Funnels are easier to detect for larger interfaces

The existence of the funnel in protein–protein interactions' energy landscape is based on the geometric complementarity of the proteins (see the discussion in "Energy landscapes in docking"). Thus, it is natural to expect that larger geometric recognition factors (larger protein–protein interfaces), on average, correspond to more easily detectable funnels. Results shown in Figure 17 confirm this assumption. In all tested random models, the larger interfaces consistently showed a larger percentage of detected funnels.

Fig. 17.

Fig. 17.

Percentage of detected funnels and the correct/total number of predicted residues for large interfaces and for all interfaces.

Summary of the results

Funnels in the intermolecular energy landscape were detected in a database of 475 protein–protein complexes by comparing distributions of matches predicted by docking and by random models.
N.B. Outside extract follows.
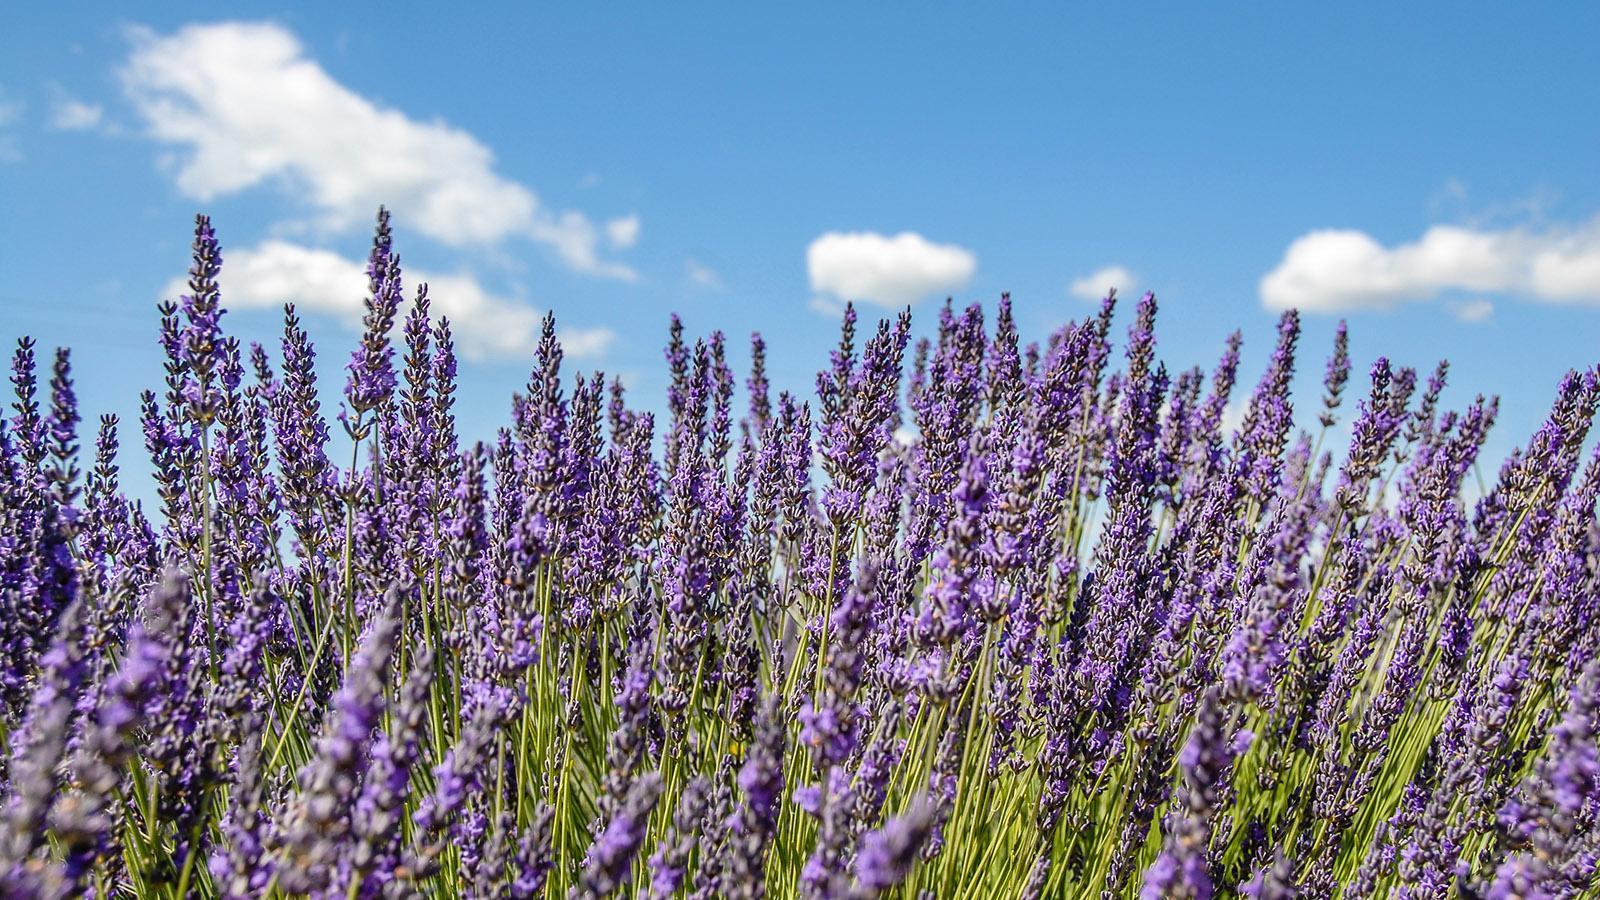 Lavendel-Anbau auf dem Plateau von Valensole. Foto: Hilke Maunder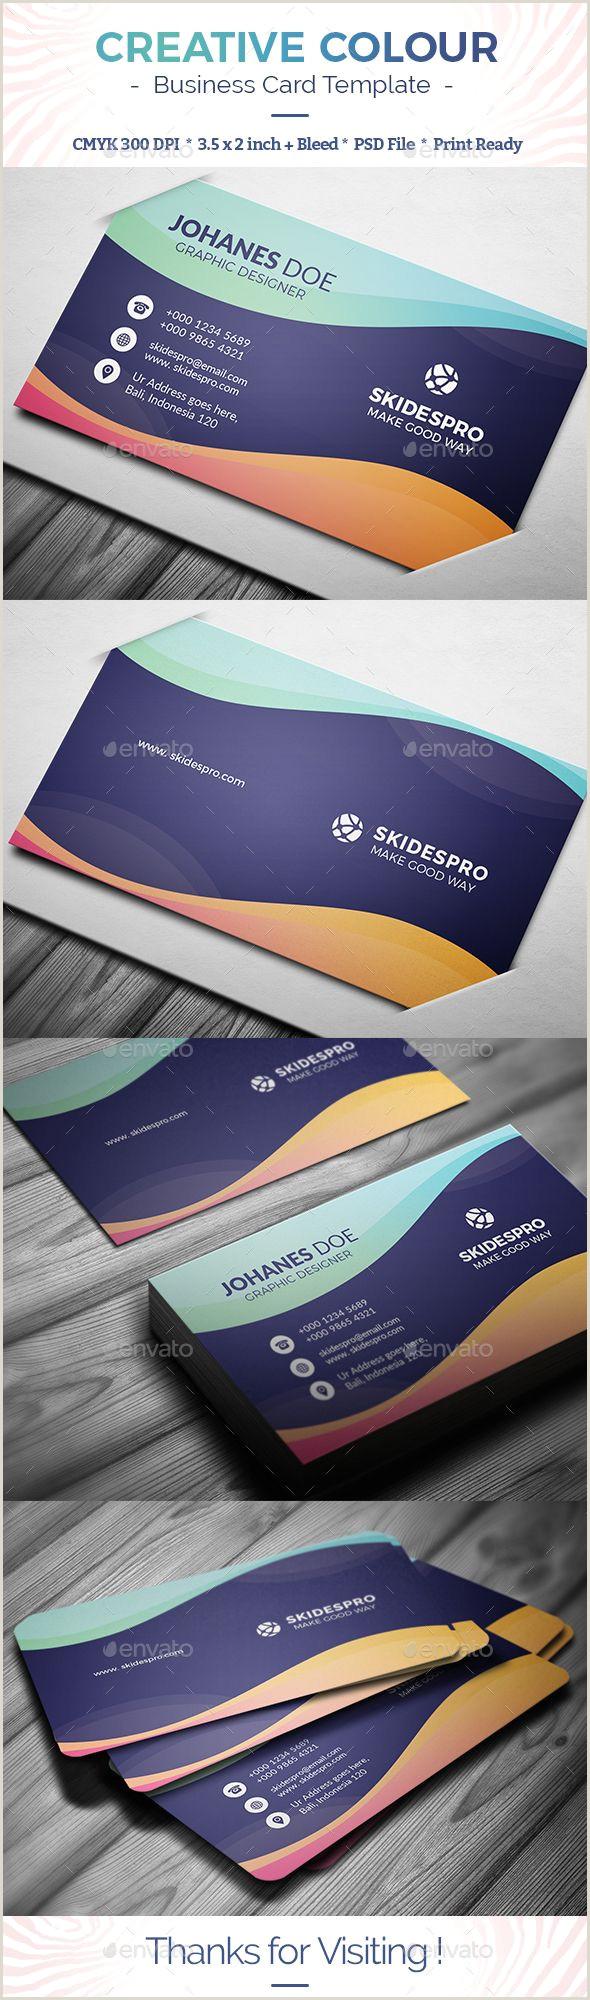 2 Color Business Cards Creative Colour Business Cards Print Templates

A number of random models were developed and used for the funnel detection. The percentage of complexes with the detected funnel (Figs. 13, 15–17) ranges from 15%–29% (model 5 with 1 match, different definitions of the contact site cutoff) to 60% (79 for larger interfaces; model 3 with 1000 matches).

Conclusions

The goal of this study was to verify the concept of the funnel-like intermolecular energy landscape for protein–protein interactions by use of a series of computational experiments. Our preliminary analysis (Vakser et al. 1999) revealed the existence of the funnel in many protein–protein interactions. However, because of the uncertainties in the modeling of these interactions and the ambiguity of the analysis procedures, the detection of the funnels requires detailed quantitative approaches to the energy landscape analysis. A number of such approaches are presented in this study.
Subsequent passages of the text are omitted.